* _The data_:

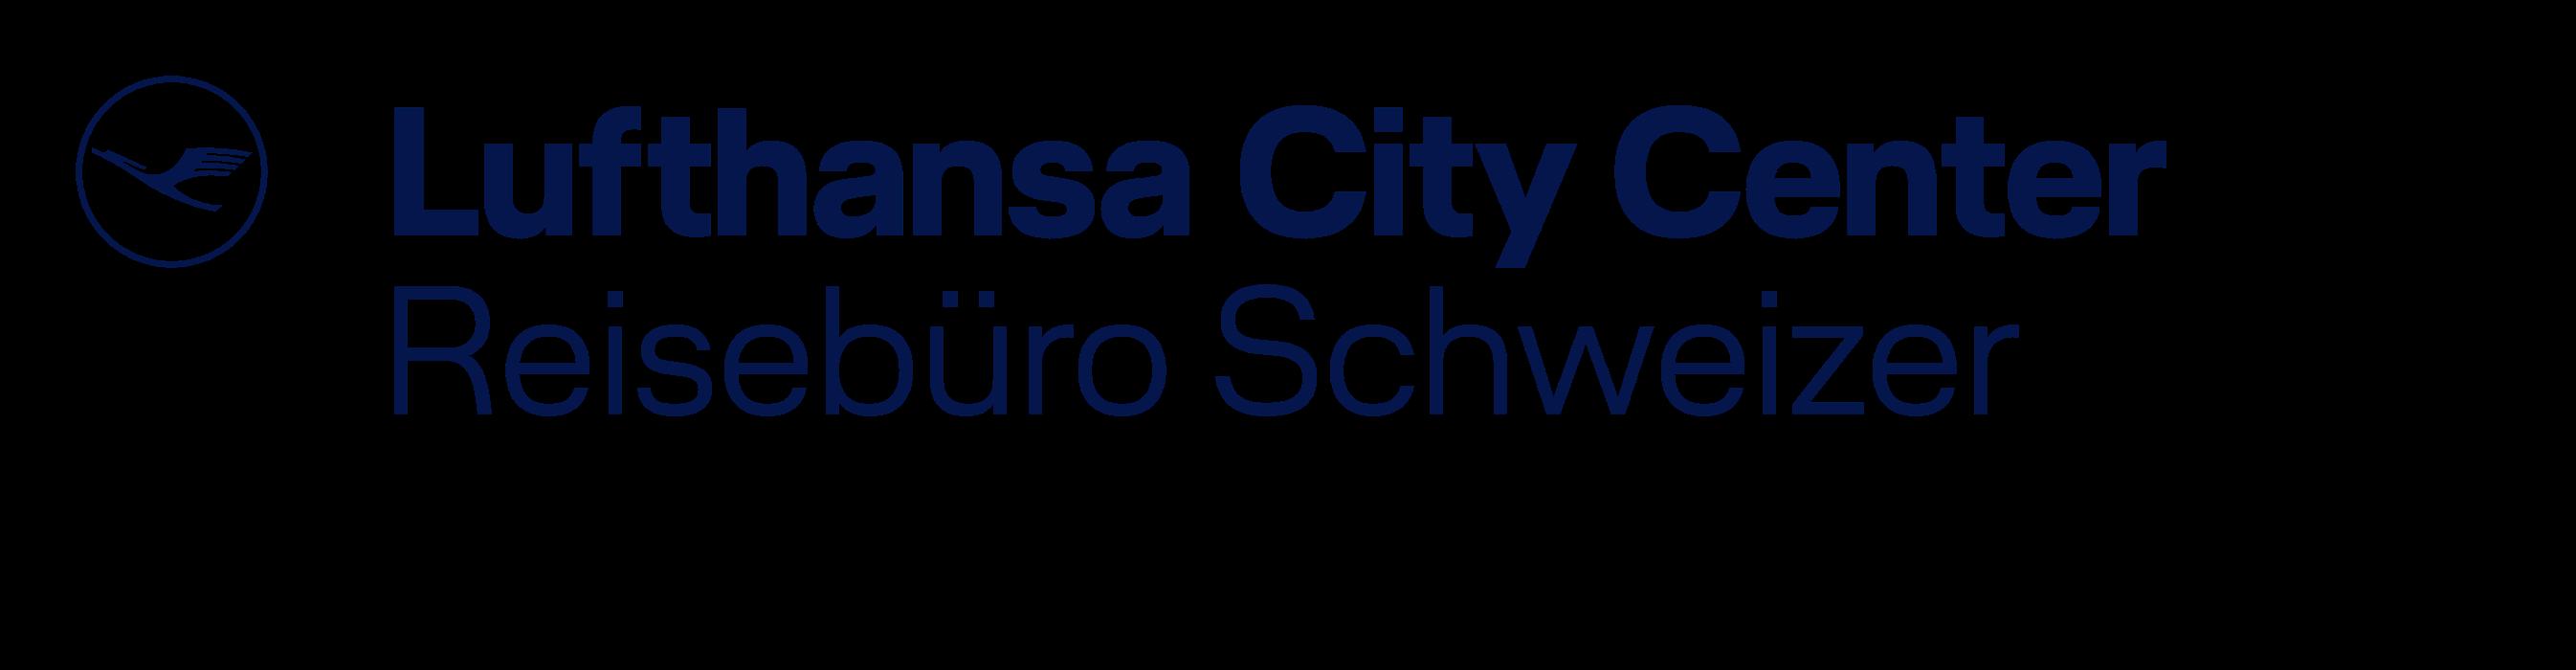 Lufthansa City Center Reisebüro Schweizer
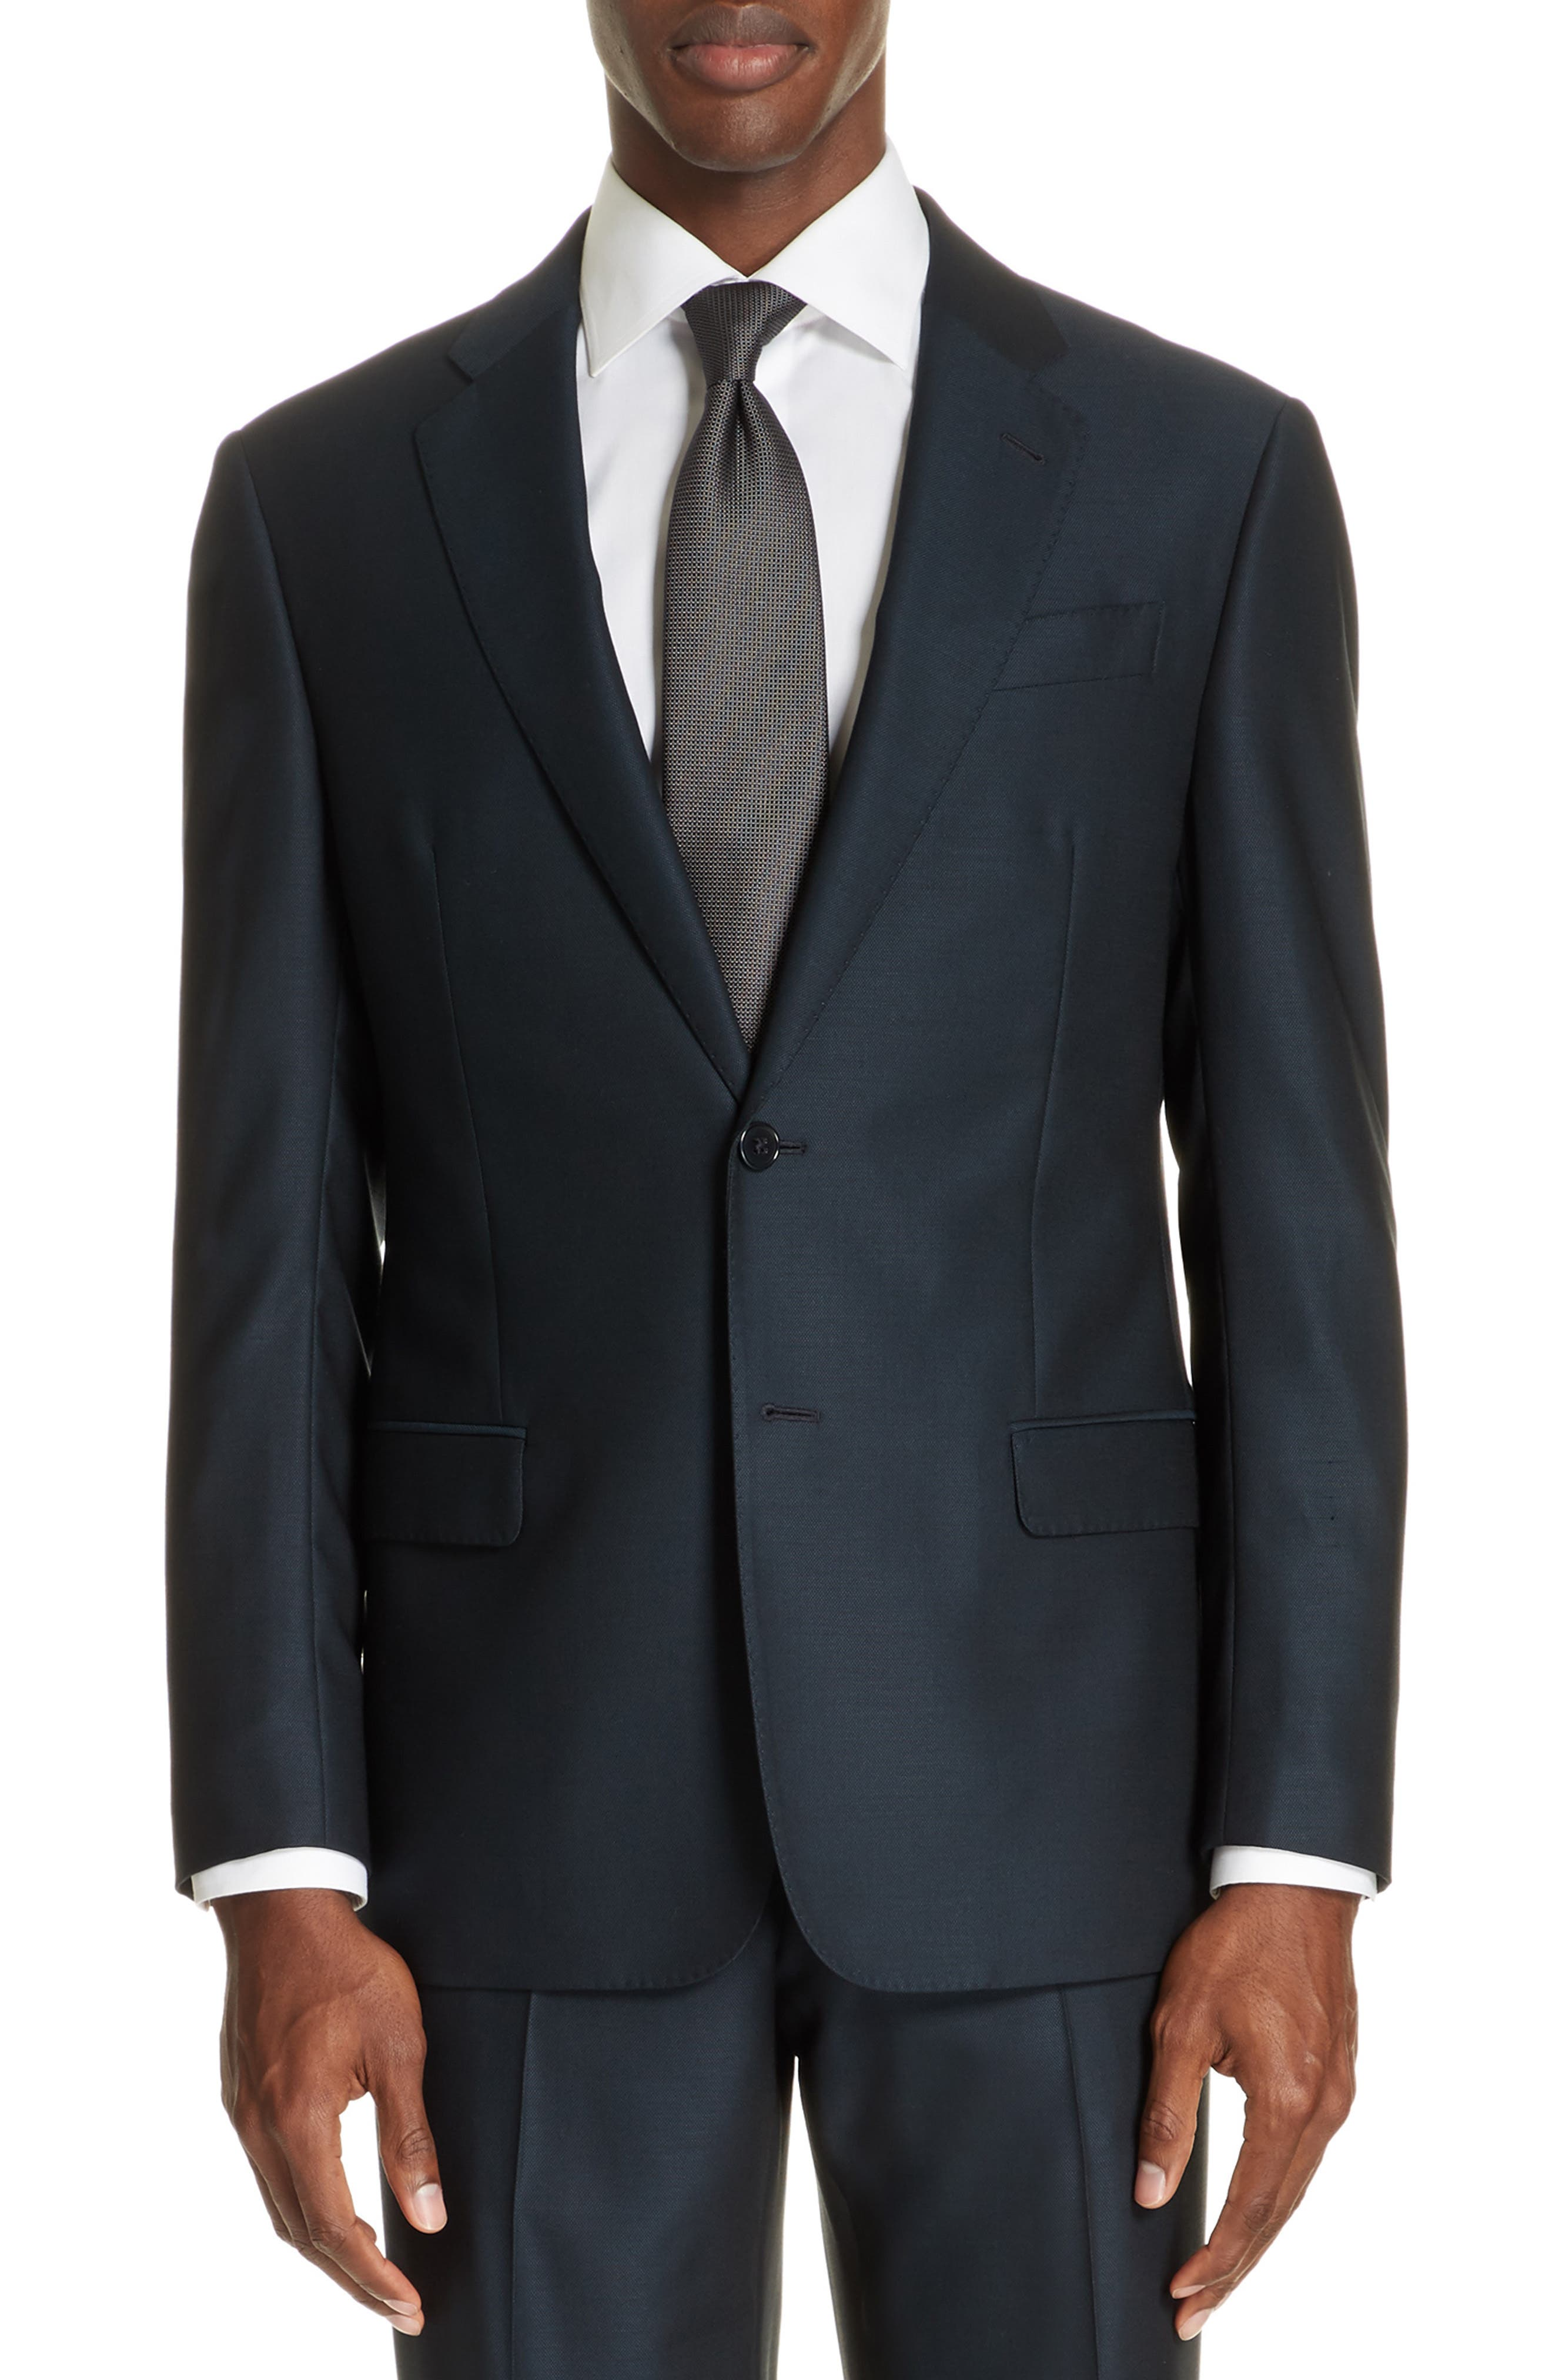 G-Line Trim Fit Solid Wool Suit,                             Alternate thumbnail 5, color,                             BLUE
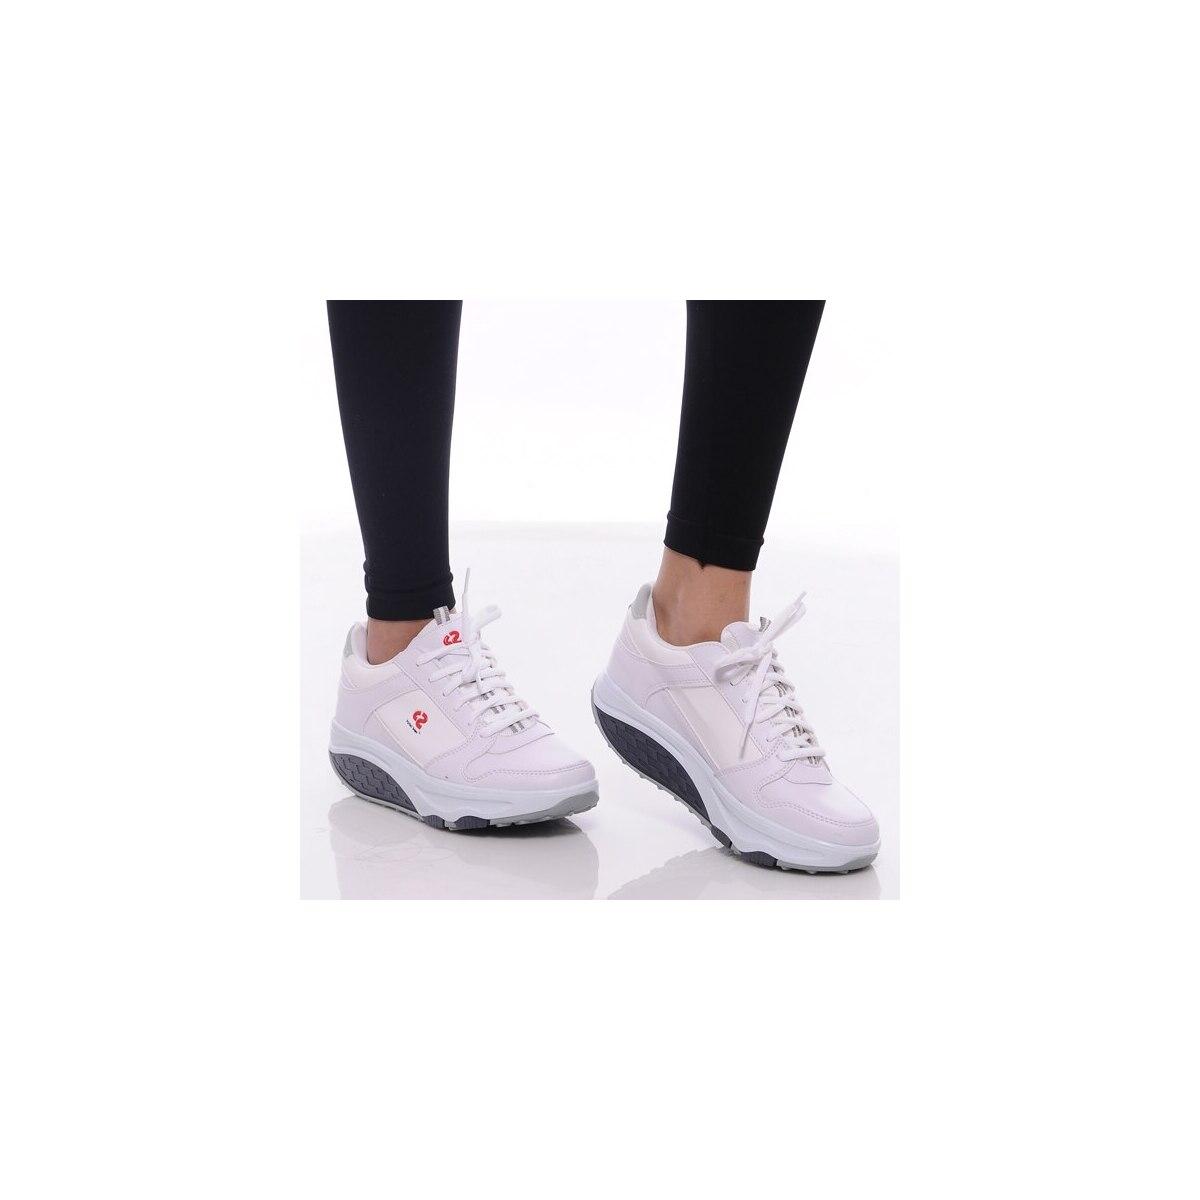 Perfect Steps Günlük Spor - Zayıflatıcı Siyah Yürüyüş Ayakkabısı

* _Required action_:
Write out the material above precisely, leaving each picture behind.

* _Written solution_:
 Lufthansa City Center Reisebüro Schweizer
 G-Line Trim Fit Solid Wool Suit,                             Alternate thumbnail 5, color,                             BLUE
 Perfect Steps Günlük Spor - Zayıflatıcı Siyah Yürüyüş Ayakkabısı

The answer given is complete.